A delicious home-made ice cream that uses a surprising Irish ingredient

JP McMahon: This recipe makes use of a fruit grown in Ireland for centuries

Fresh figs can form the basis of a delicious ice-cream

Fresh figs can form the basis of a delicious ice-cream

 

Nowadays few of us have the space or the time to grow our own fruit and vegetables and it’s easy to imagine that this was always the case. However, speaking to my father recently, he recounted how my grandmother’s wonderful lawn in Mount Merrion (on which we played croquet as kids) was once a vegetable garden that produced a myriad of vegetables and fruits.

Before the advent of the supermarket, if you wanted something, you grew it yourself. I never got to taste my grandmother’s gooseberries or pears, but I’m sure they would have tasted amazing.

Figs are another fruit that many have grown in Ireland. Indeed, many abbeys and monasteries would have grown them from the 12th century onwards. A huge solitary fig tree hangs over the River Corrib in Galway. Though the figs are never exactly palatable to eat raw off the tree, due to the cold weather in the west, the leaves provide a great flavour enhancer to curries, soups, ice creams and sorbets. The fruit can also be cooked in sugar or pickled, depending on whether you’re using the figs for savoury or sweet applications.

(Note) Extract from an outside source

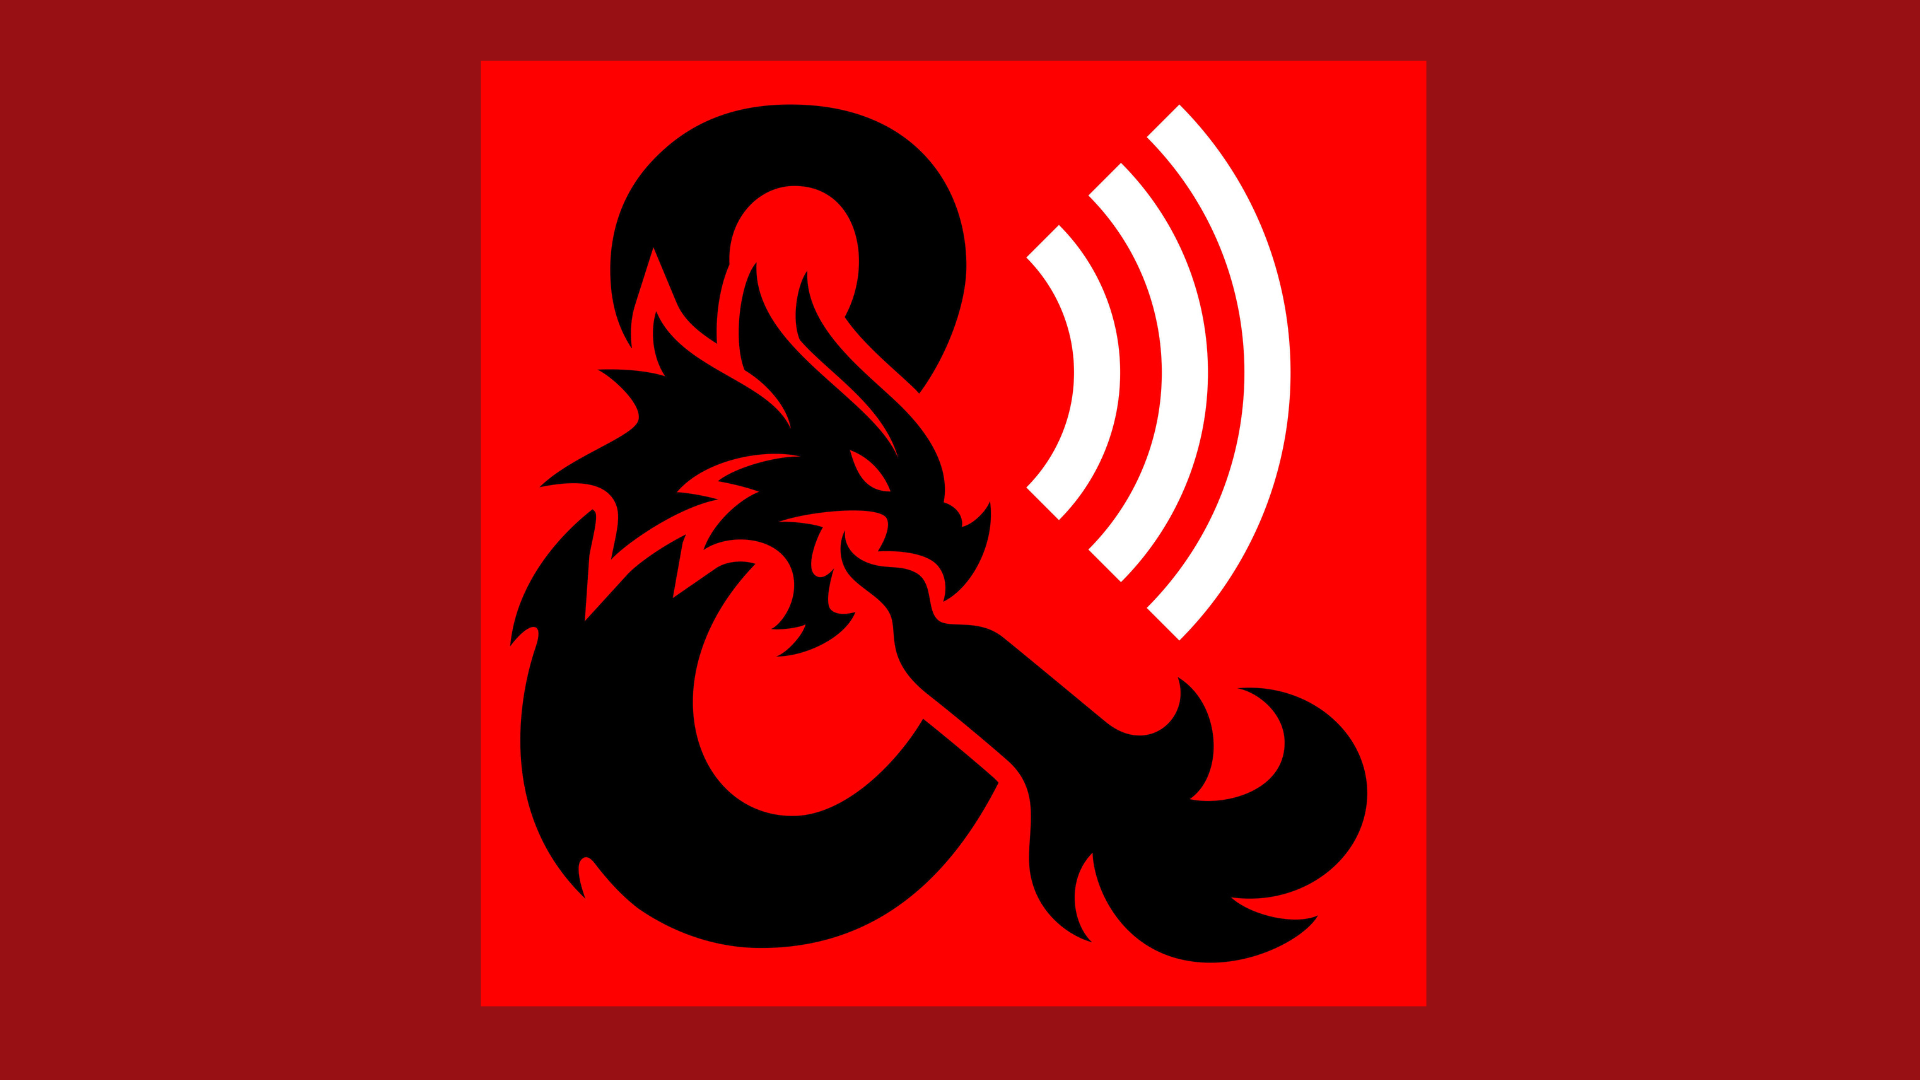 Image: Podcast logo
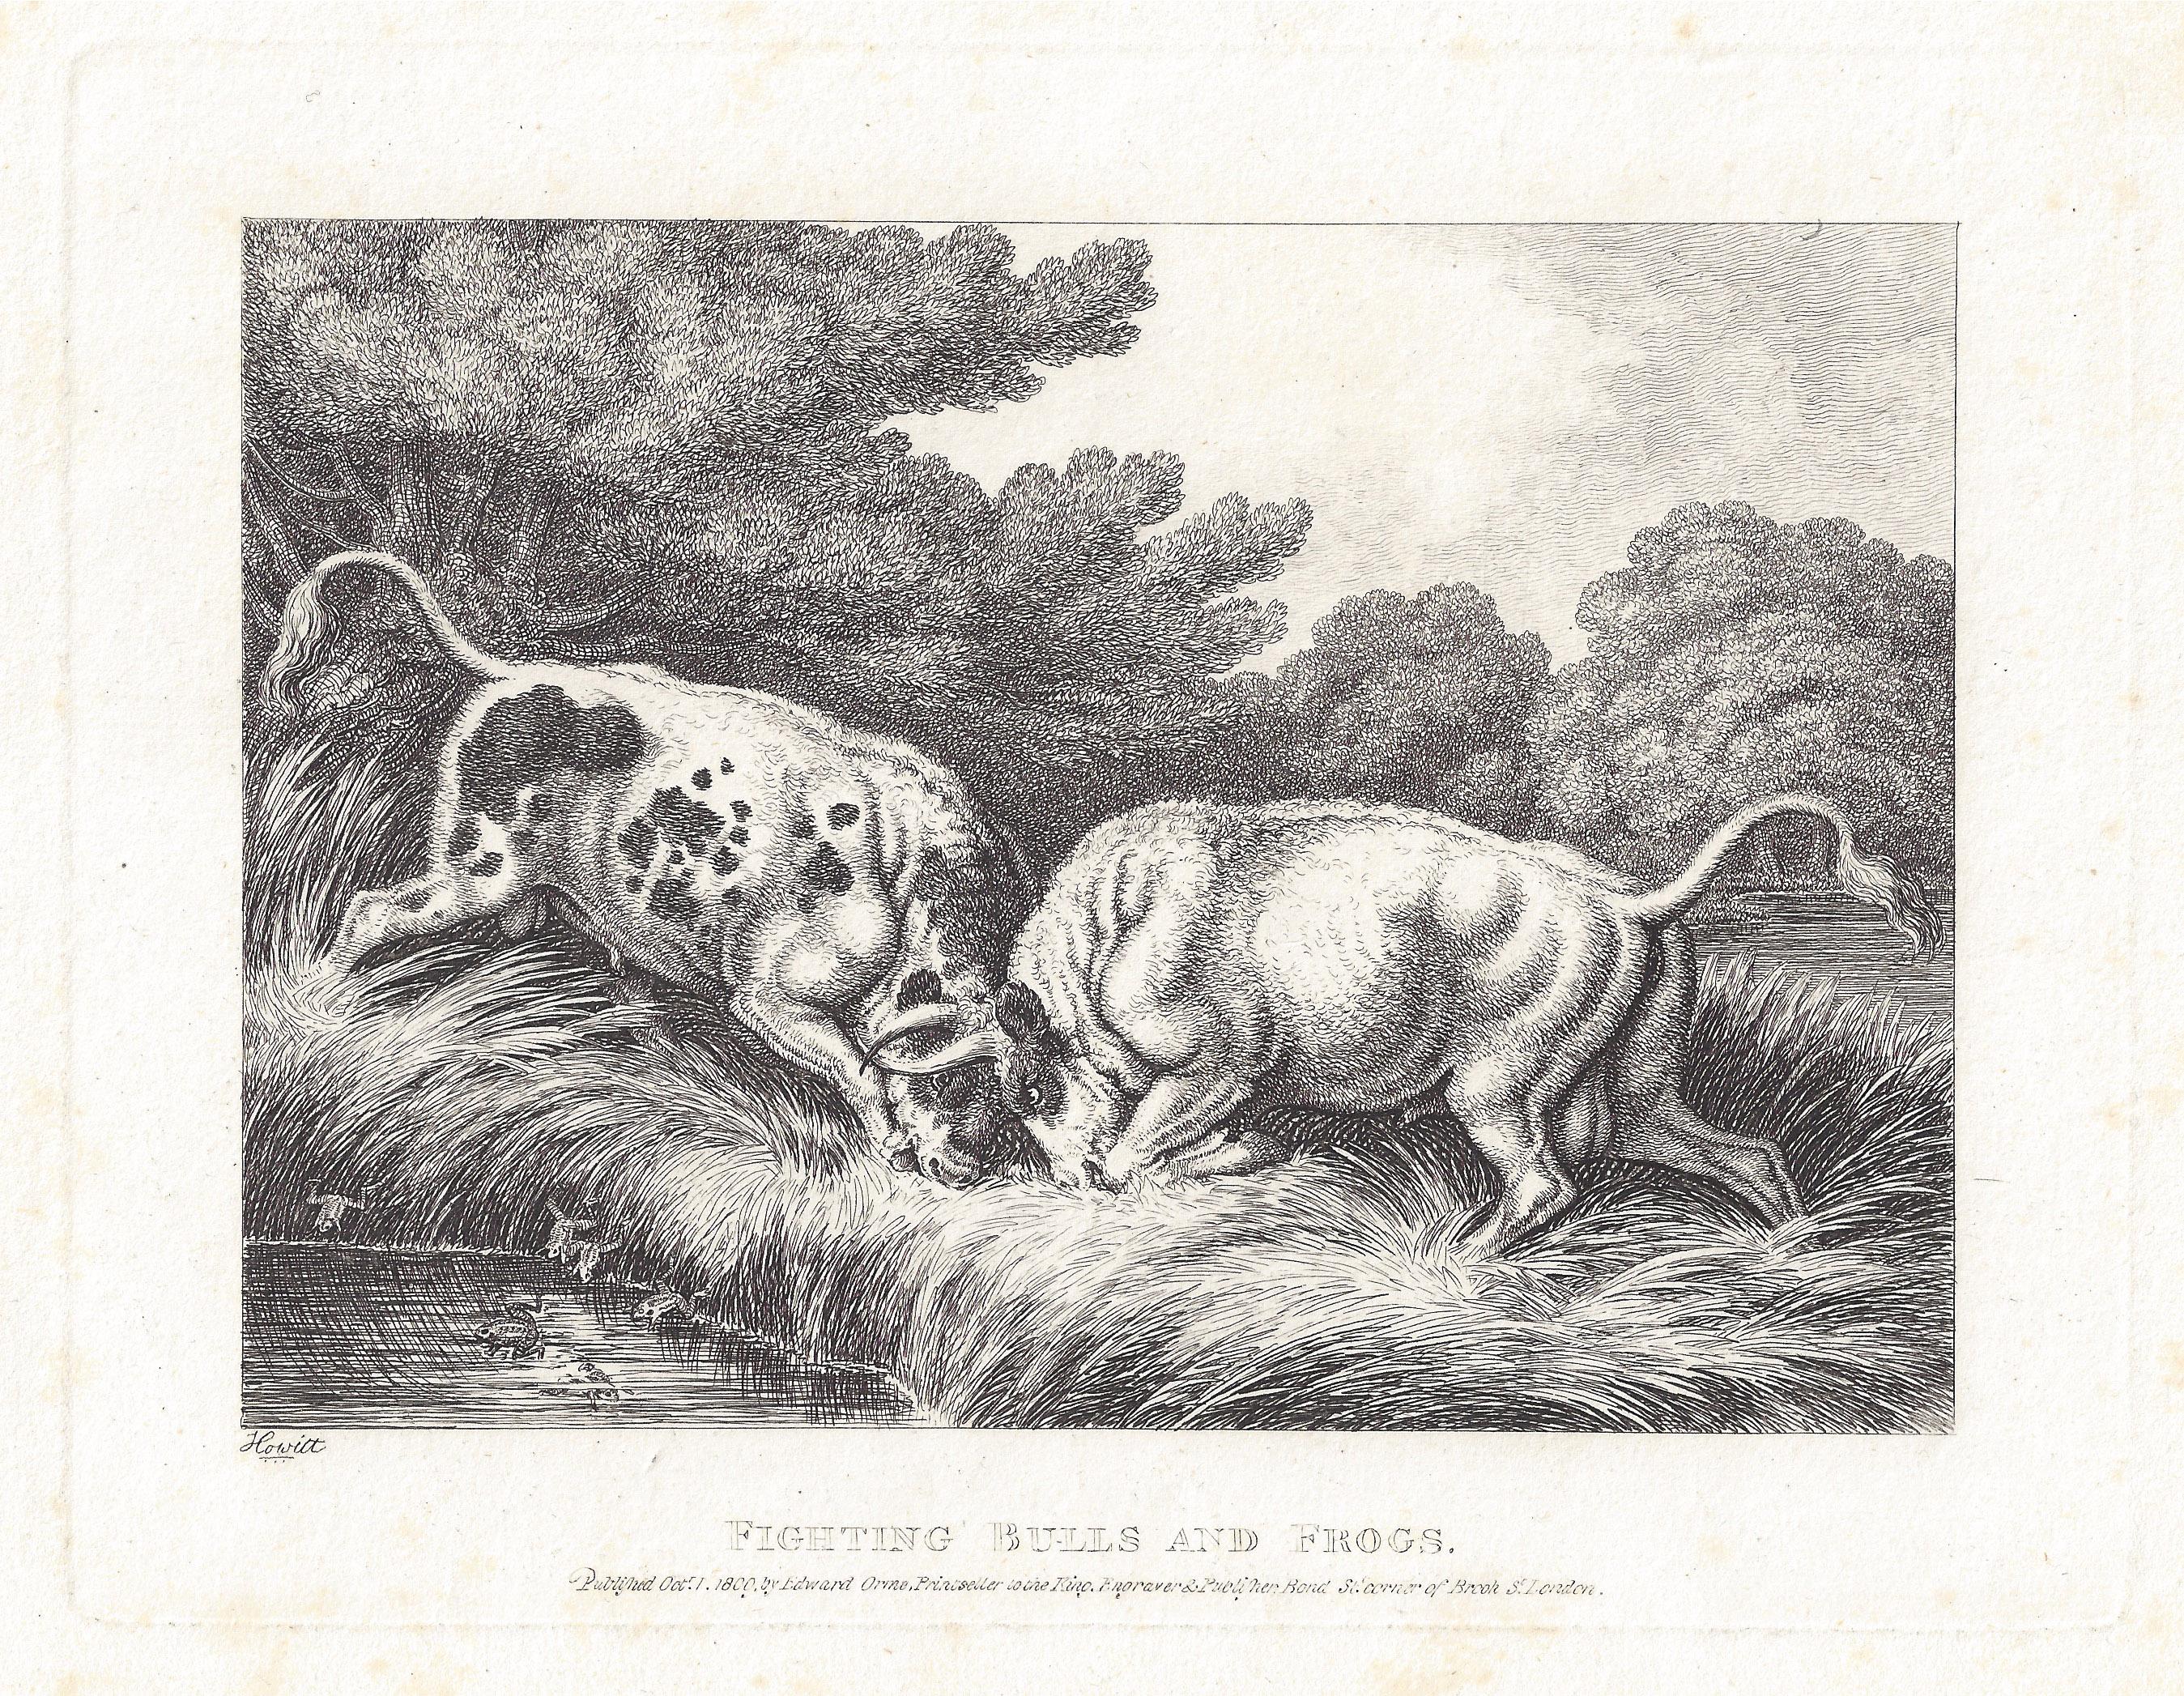 Fighting Bulls and Frogs, antike Tierfabel-Radierung von Samuel Howitt

How to make fig leaf ice-cream with fresh figs and honey

For this recipe, you’ll need a few fresh fig leaves, but feel free to use another leaf instead, such as strawberry or blackberry.

Take five fig leaves and gently crush them. Place them in a pot with 225ml of milk and 500ml of cream. Bring to just below the boil and remove from heat. Allow the mixture to stand for 20 minutes before straining.

Meanwhile, whisk nine egg yolks with 300g of sugar. Pour the warm cream mixture over the eggs, whisking all the time. Put the custard mixture in the pot and warm gently until it thickens. Remove from the heat and allow to cool.

Churn in an ice-cream machine according to the manufacturer’s settings or freeze in a container and whisk every 30 minutes until frozen. To serve: quarter some fresh figs and garnish with a little honey and icing sugar. If serving from the freezer, remove the ice-cream 30 minutes before serving to ensure it is not too hard.